I guess I really am a runner after all.


  1. What timing!

    I have to make the decision to have a minor procedure done before or after my marathon. Am I crazy to put something off like that just to run 26.2 miles? As the doctor is talking, all I can think is, "how is this going to affect my training?" Is it dedication or have I gone off the deep end?

    Thanks for sharing your story - it hit a chord with me and I'm glad to know that I'm not alone.

  2. thanks for sharing! and by the way, thanks for the cd! jayhawk just sent it to me this weekend! it's great.

  3. You ARE a runner. It's in your blood. Take care of the ankle and you will out in no time.

  4. good to read you're getting out of a little funk.

    you may be surprised that i have latched onto your little blog for a bunch of inspiration.

    You are a runner to me, as someone who started in January, i don't have a lot of experience, but you definitely fit into my definition..

    too redundant there?

  5. I think we all feel those conflicting emotions regarding running (and probably a lot of other things in our lives as well). One important thing to remember is that running doesn't define who you are. It may be a big part of you, but it's not the definition of you. Realizing that usually helps me, because when I suck at running, I can still rest assured that I don't suck as a person.

  6. What an awesome post. You are defintely runner.

  7. Yep, you're definitely a runner. Know that you are not alone in those feelings. I've been there many times, but somehow always want to run again.

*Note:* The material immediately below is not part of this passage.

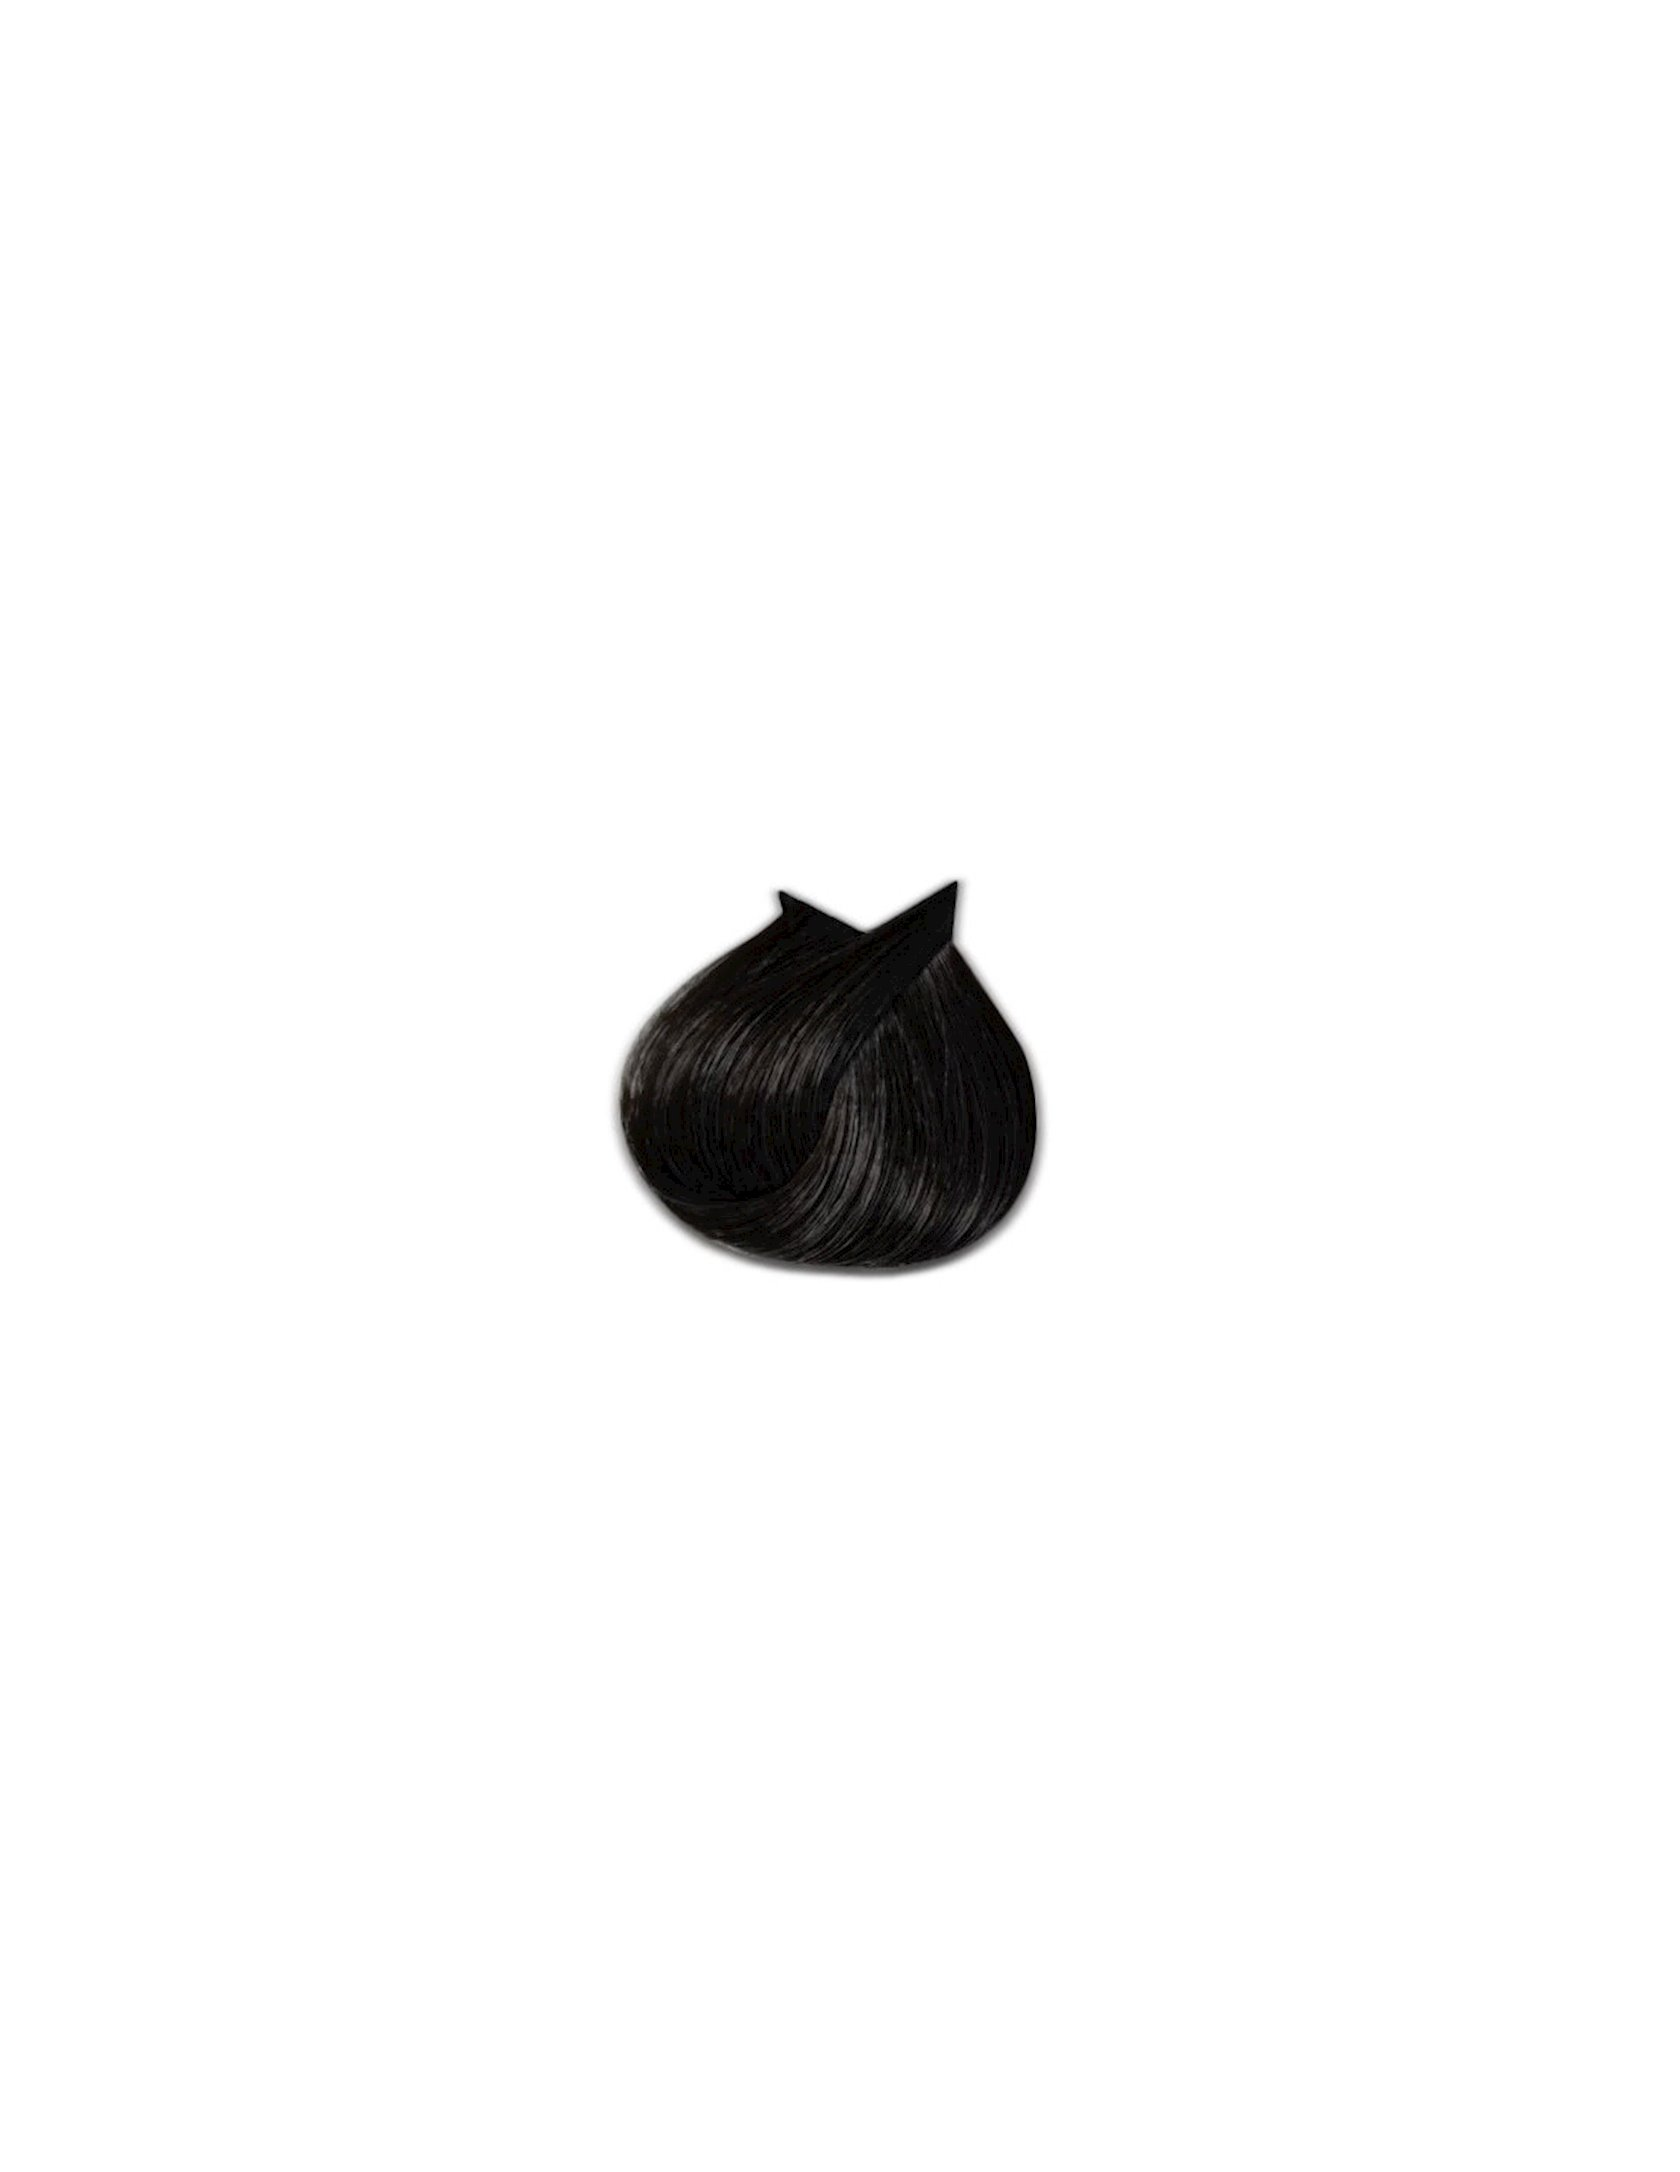 Saç üçün qalıcı krem-boya Farmavita Life Color Plus 3.0 Tünd qəhvəyi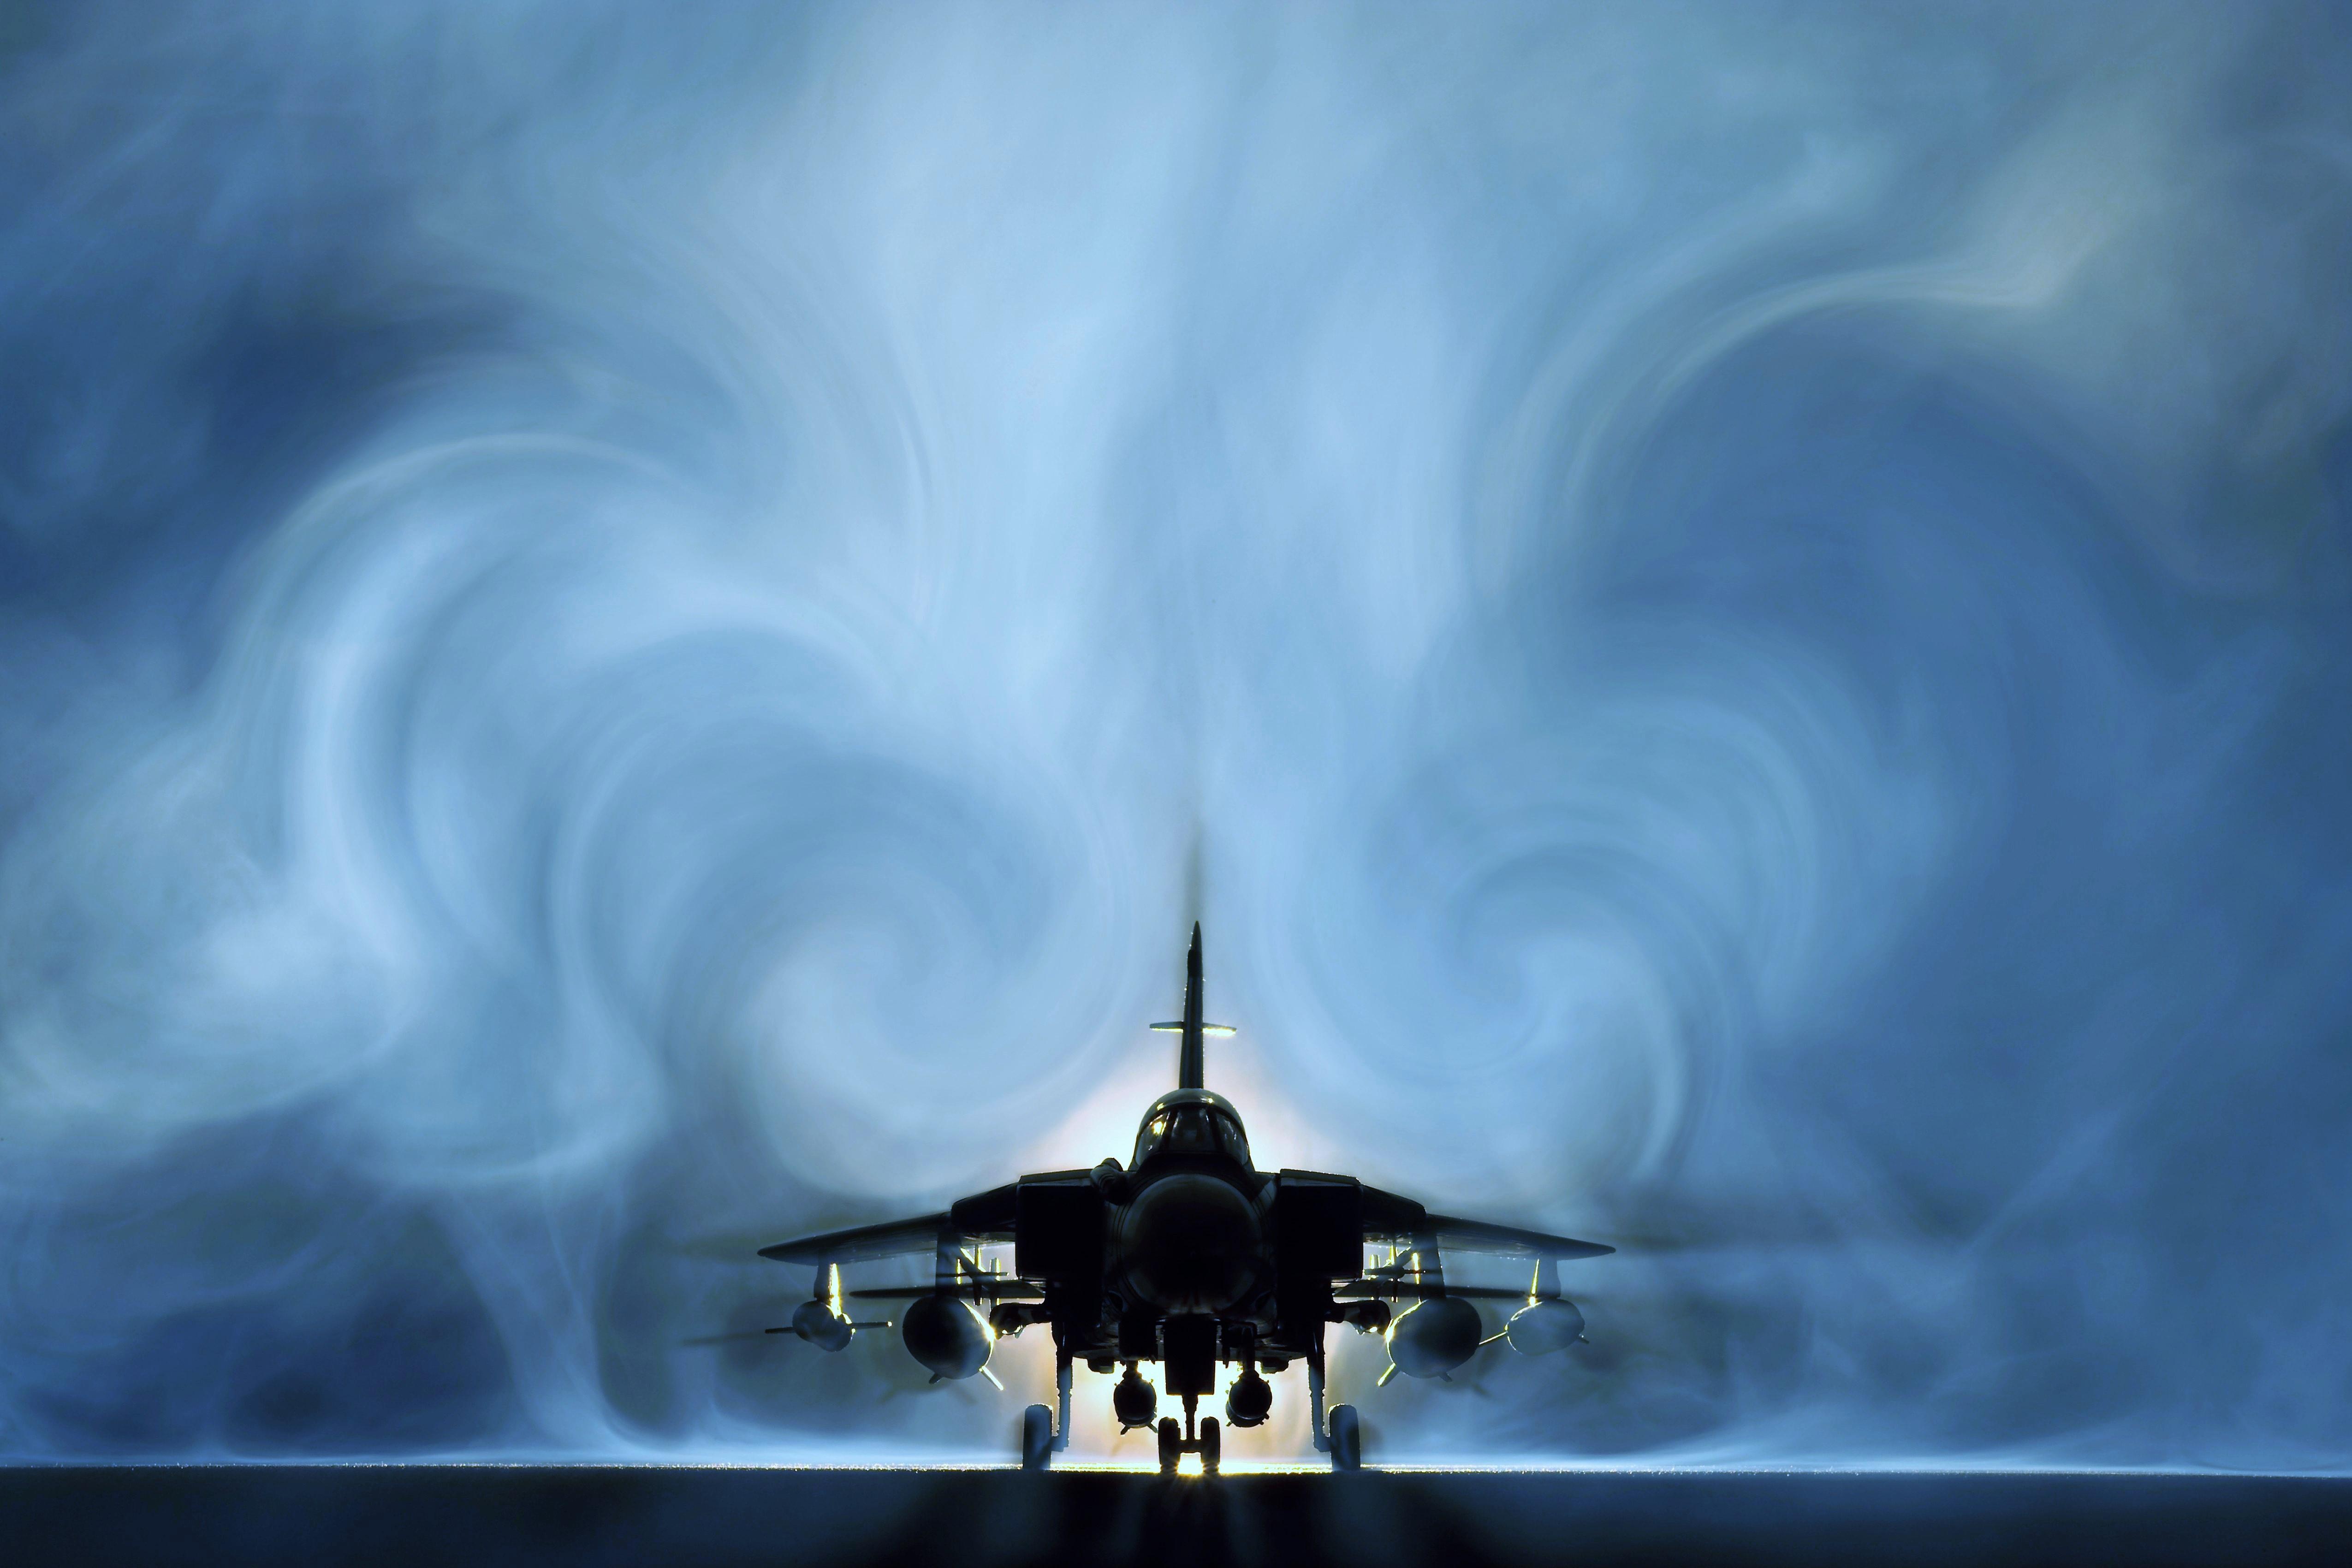 AeroDynamics Metal Finishing Fighter Jet header image

  8. I have been running for about 5 + years and I don't think I considered myself a runner until a couple of years ago, when I continued running the entire year without taking time off...but I don't think I realized what it is about running that really got me going -- yes, the accomplishments, of course, but they aren't always there the enjoy.

    Your blog entry struck a chord - it was the combination of ups and downs - persevering that has kept me going. If it was easy, I'd probably not do it...


  9. You run, are.


    How's that for a lil mid-day philosophical moment.

    Let's defunk ourselves. When you're ready, you pick a thon...and if I can swing it, I'm coming to cheer you on.

    Who would've thought that running could be such an emotional endeavor?

    Not me.

  10. nice post. Hit home for me as well. I hope all goes well with your running! I will be thinking of you!

  11. Thanks for the inspiring words.

  12. That was a wonderful post. Thanks for sharing!